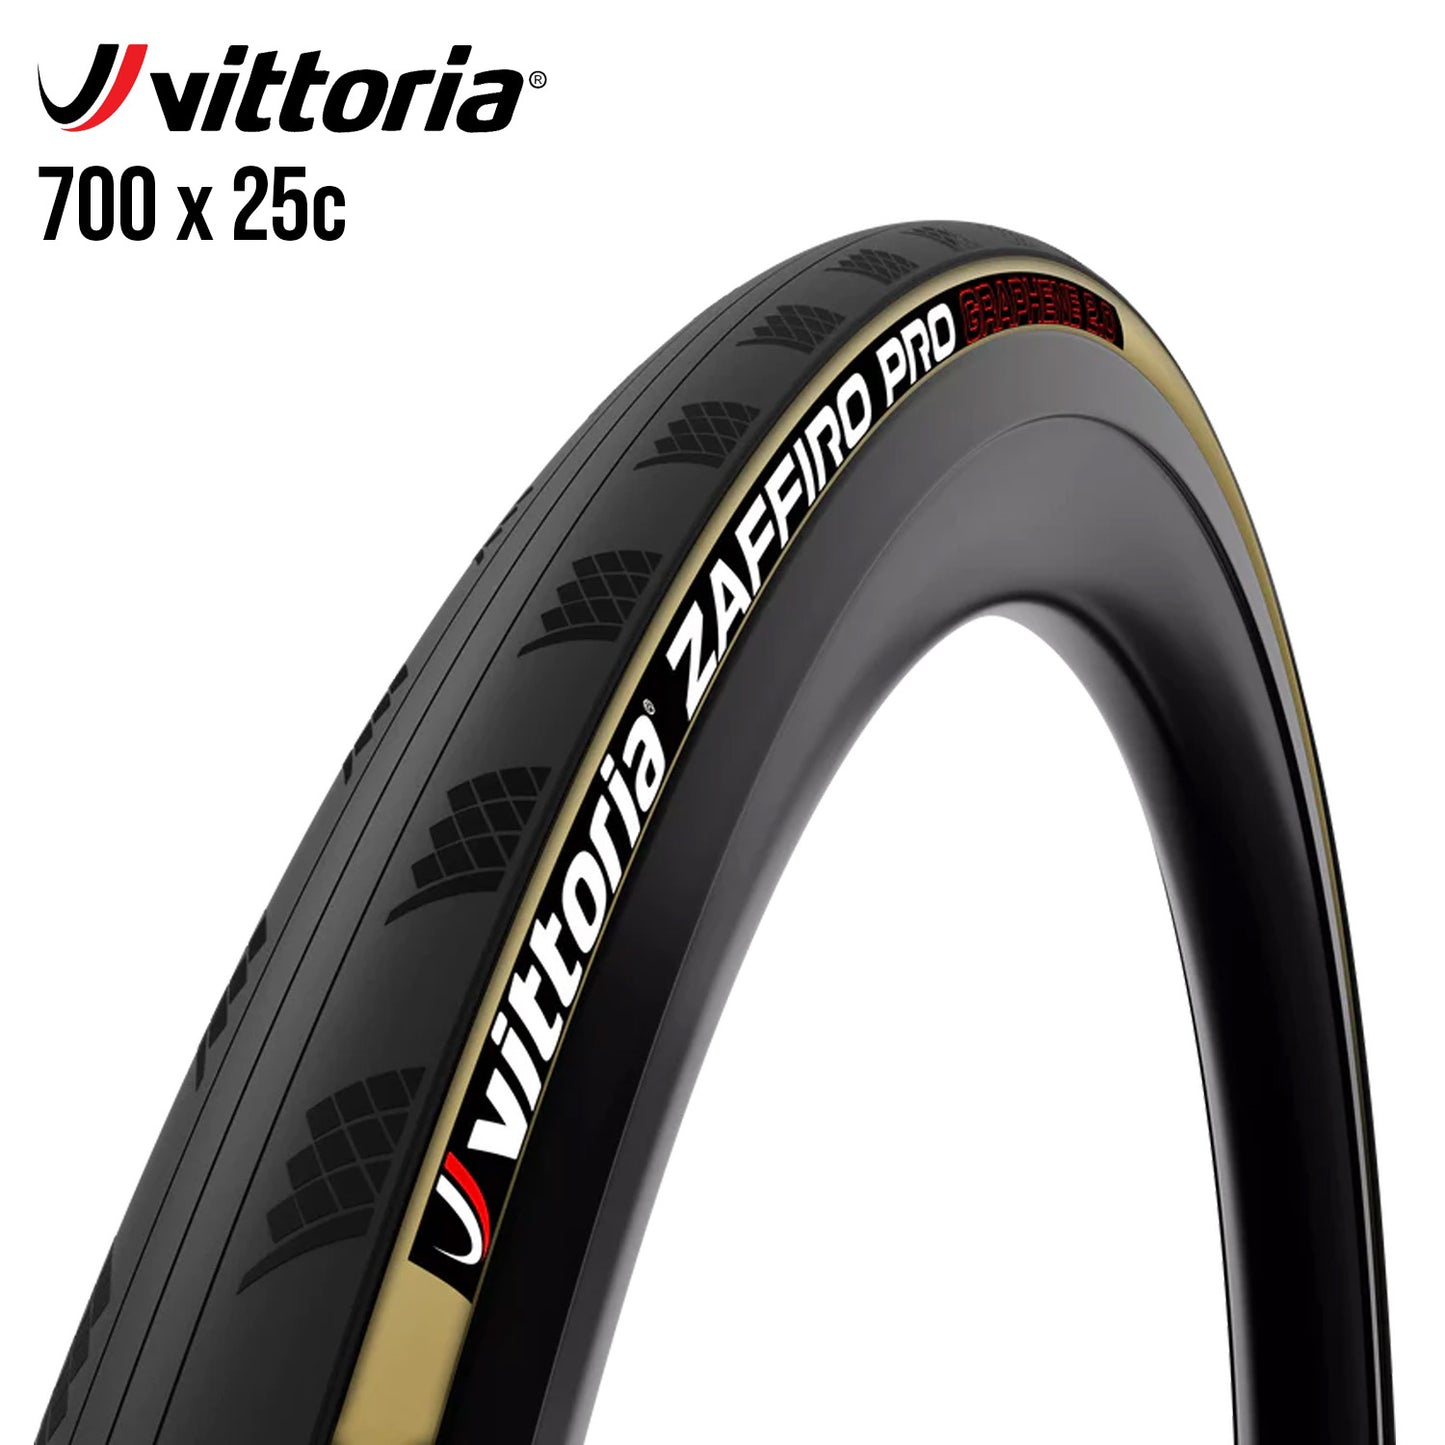 Vittoria Zaffiro Pro Road Tube-Type Bike Tire - Tan Wall
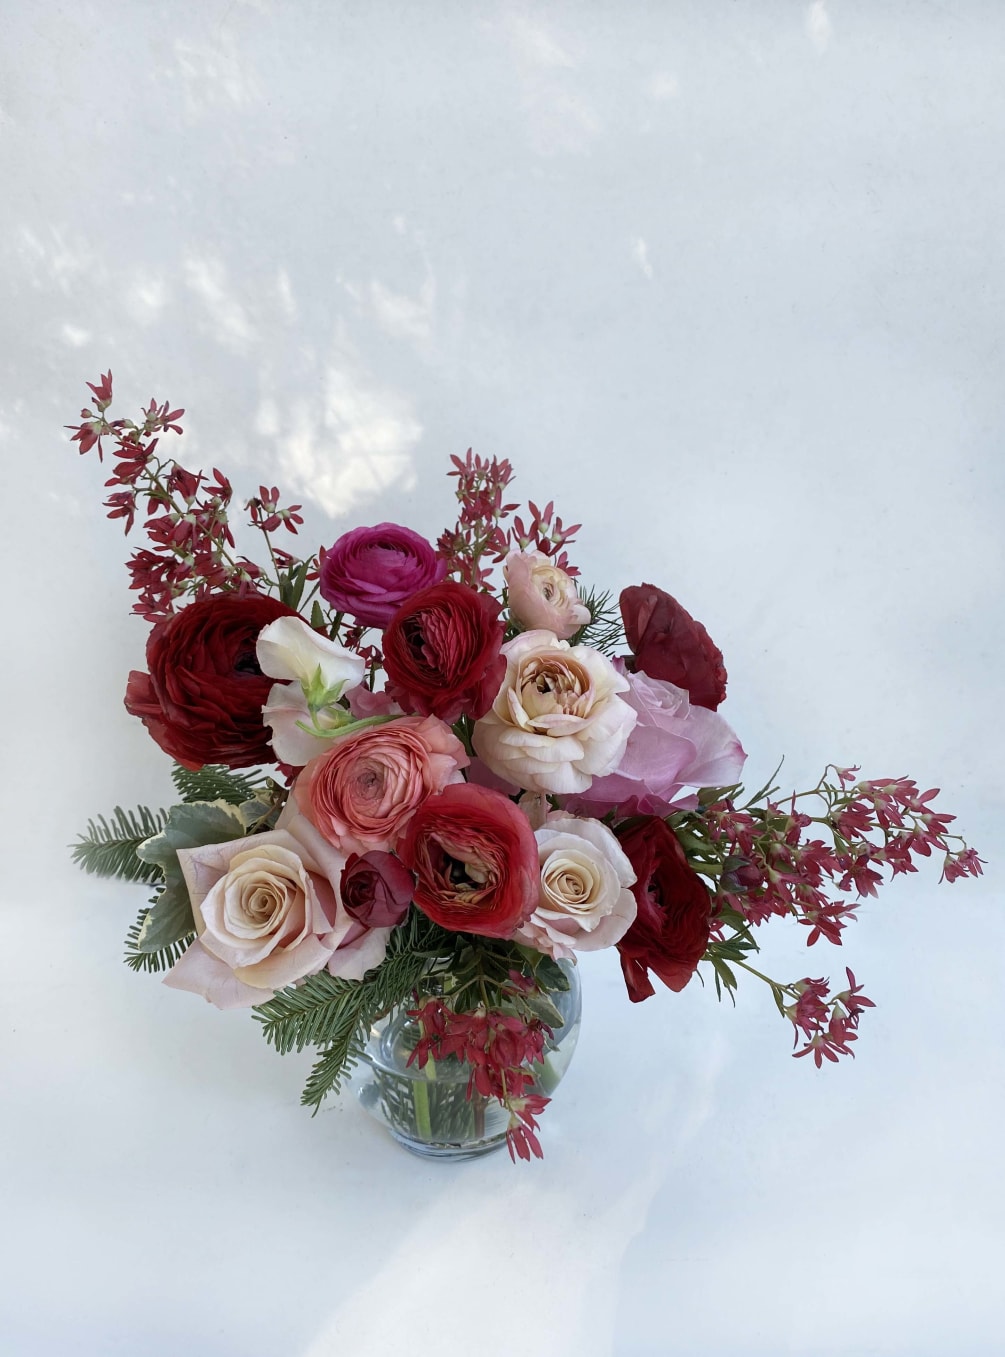 Beautiful warm blushing colors adorn this arrangement of ranunuclus, roses, and seasonal
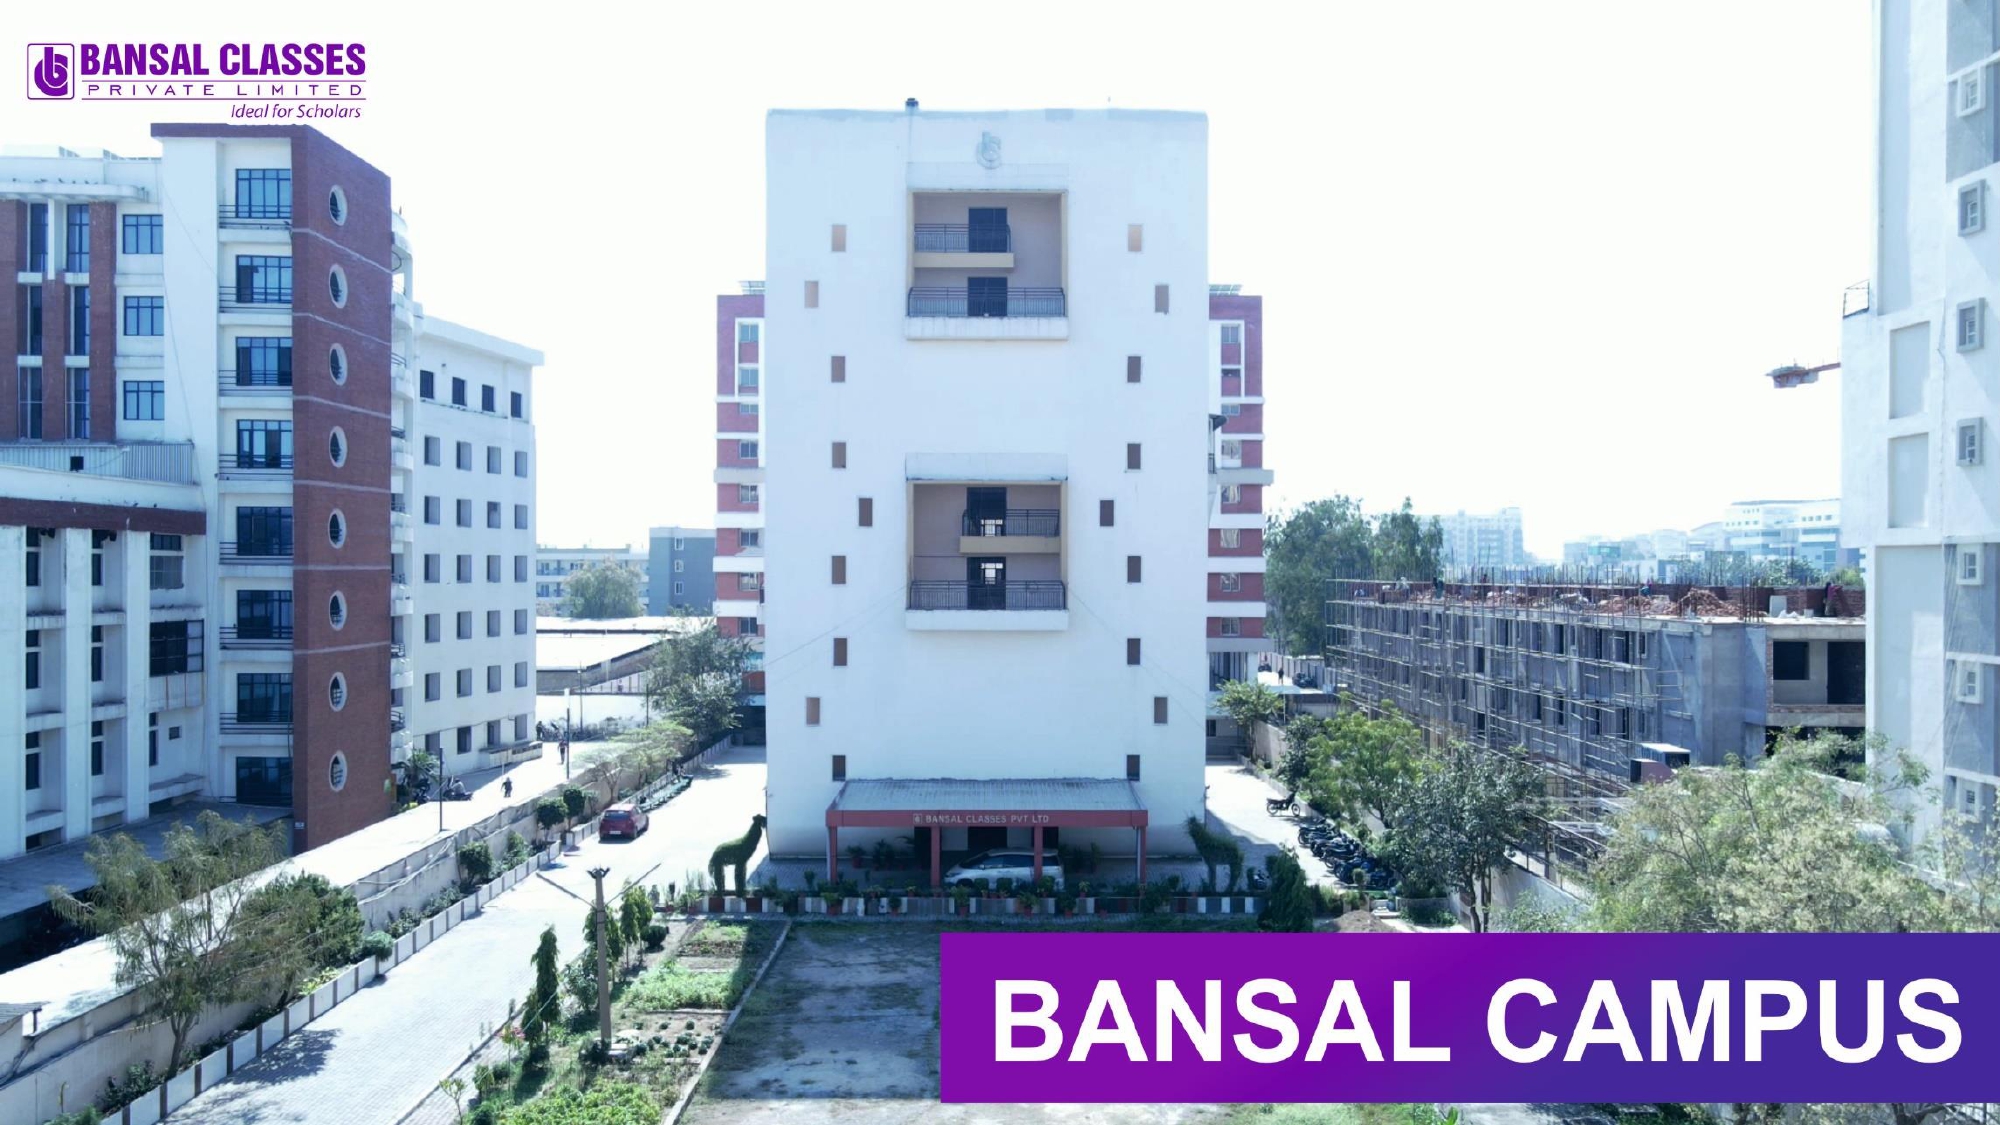 Bansal Campus

** Problem requirements **
The task calls for repeating each line above exactly while excluding the pictures.

** Solution to the exercise **
 Vittoria Zaffiro Pro Road Tube-Type Bike Tire - Tan Wall
 Beautiful warm blushing colors adorn this arrangement of ranunuclus, roses, and seasonal
 Bansal Campus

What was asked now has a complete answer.